Task instructions: When you reach the line in the data below that contains "Mapping the Micro-Lending", please start repeating lines exactly, and stop after the line that contains "Tunic and culotte suit in violet color", repeating nothing else.

Source information:
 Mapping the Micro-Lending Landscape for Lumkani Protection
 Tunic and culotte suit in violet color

* * *

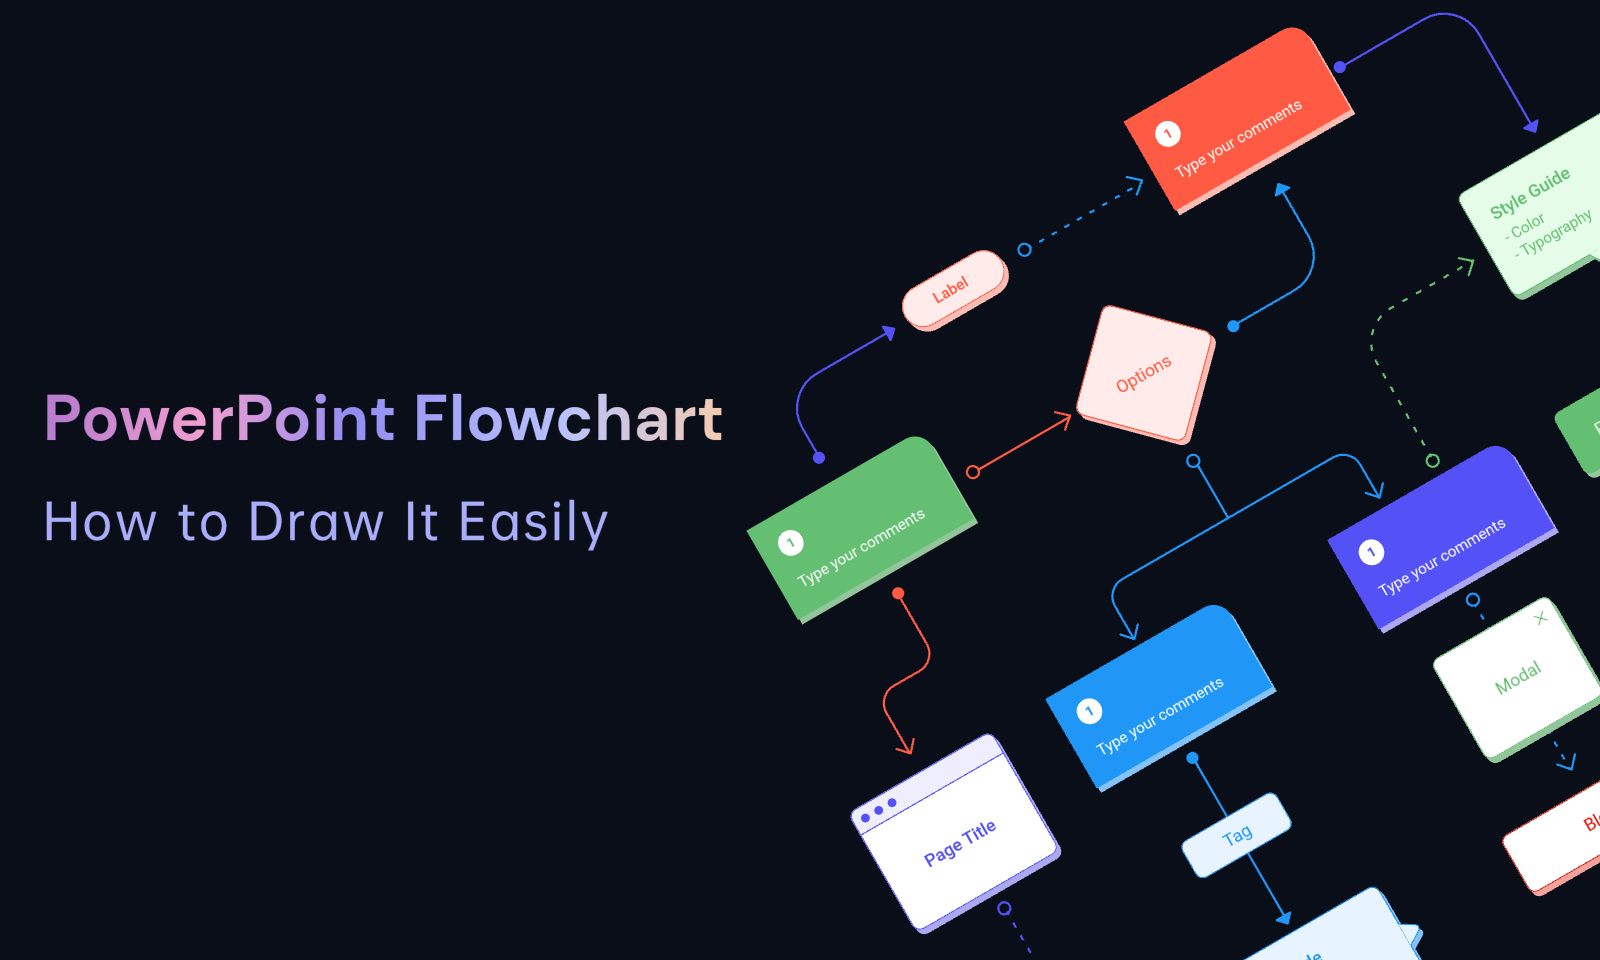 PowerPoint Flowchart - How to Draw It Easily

* * *

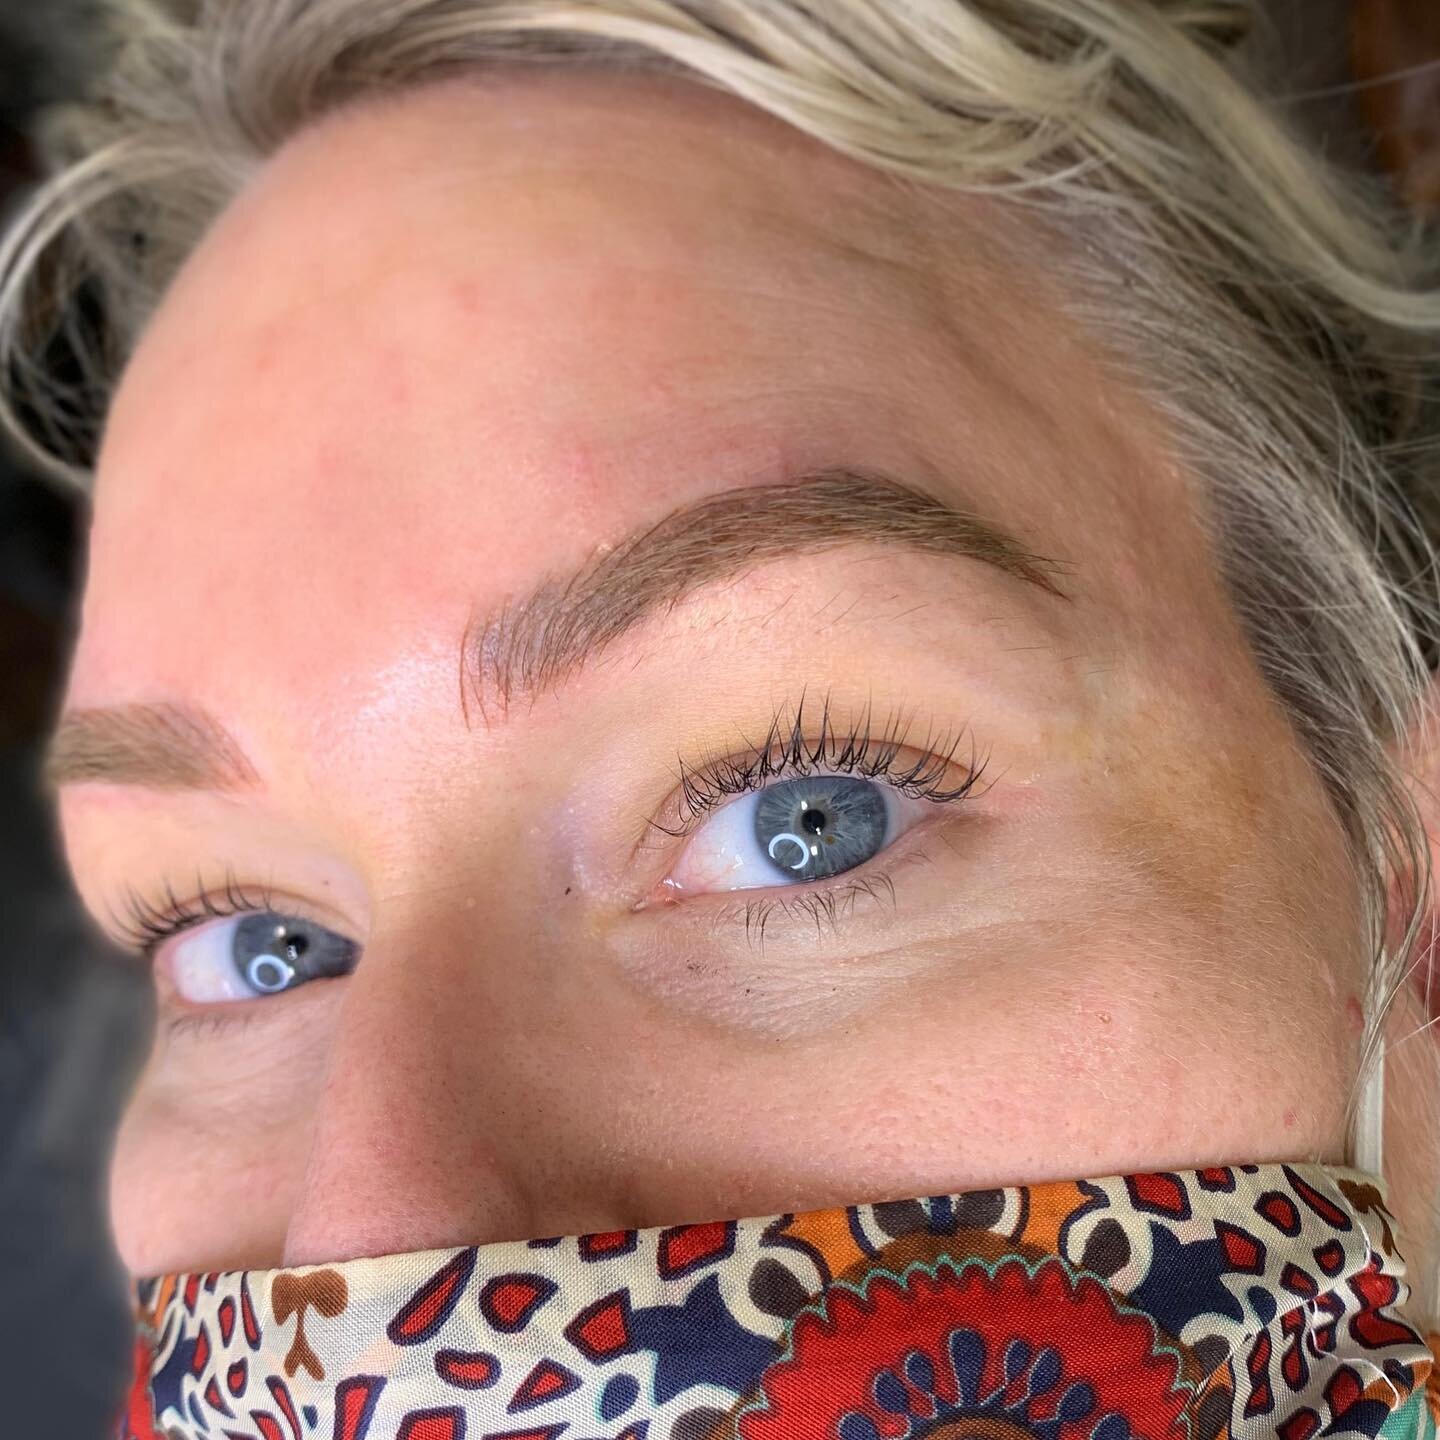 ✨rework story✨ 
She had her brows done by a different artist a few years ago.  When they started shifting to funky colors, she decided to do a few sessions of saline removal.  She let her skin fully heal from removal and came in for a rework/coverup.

Solution:
 Mapping the Micro-Lending Landscape for Lumkani Protection
 Tunic and culotte suit in violet color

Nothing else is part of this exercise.